- **PROBLEM**
Which lines of the records below contain the string "Paper"? Report each of them.

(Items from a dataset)
▼
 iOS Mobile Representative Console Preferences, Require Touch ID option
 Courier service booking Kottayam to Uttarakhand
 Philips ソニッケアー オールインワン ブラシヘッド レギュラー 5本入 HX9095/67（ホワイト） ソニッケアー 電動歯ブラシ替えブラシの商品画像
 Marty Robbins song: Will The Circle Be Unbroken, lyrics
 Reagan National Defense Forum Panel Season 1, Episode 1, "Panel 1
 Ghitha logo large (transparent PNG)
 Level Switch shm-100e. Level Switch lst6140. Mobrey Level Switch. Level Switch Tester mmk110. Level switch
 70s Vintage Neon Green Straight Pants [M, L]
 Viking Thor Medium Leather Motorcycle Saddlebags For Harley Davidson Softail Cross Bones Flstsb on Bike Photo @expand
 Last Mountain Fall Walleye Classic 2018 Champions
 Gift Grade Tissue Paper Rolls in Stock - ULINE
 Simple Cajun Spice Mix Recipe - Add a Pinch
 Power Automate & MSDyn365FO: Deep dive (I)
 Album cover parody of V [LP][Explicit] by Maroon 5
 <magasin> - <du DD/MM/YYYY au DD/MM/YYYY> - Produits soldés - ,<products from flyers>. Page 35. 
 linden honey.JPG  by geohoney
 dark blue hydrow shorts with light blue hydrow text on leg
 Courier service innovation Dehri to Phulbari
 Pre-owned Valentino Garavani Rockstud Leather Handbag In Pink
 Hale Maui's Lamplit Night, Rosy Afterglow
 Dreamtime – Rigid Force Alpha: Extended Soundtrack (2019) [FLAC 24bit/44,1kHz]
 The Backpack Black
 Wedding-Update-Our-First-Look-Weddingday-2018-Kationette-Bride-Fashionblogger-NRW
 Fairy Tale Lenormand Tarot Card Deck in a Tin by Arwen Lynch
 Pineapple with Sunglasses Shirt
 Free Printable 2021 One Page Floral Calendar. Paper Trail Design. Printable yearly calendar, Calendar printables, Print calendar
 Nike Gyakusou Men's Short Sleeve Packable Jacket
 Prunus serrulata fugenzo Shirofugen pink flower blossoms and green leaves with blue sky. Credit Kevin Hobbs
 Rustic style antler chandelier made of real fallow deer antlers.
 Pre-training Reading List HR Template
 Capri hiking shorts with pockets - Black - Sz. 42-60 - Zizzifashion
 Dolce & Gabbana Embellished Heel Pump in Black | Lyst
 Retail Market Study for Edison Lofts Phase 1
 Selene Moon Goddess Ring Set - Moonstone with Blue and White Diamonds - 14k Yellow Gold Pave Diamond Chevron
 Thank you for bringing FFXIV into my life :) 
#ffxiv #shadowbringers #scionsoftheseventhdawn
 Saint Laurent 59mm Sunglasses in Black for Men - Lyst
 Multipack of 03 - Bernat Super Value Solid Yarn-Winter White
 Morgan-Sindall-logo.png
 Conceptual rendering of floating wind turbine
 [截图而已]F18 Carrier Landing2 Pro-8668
▲
- **RESULT OF THIS EXERCISE**
 Gift Grade Tissue Paper Rolls in Stock - ULINE
 Free Printable 2021 One Page Floral Calendar. Paper Trail Design. Printable yearly calendar, Calendar printables, Print calendar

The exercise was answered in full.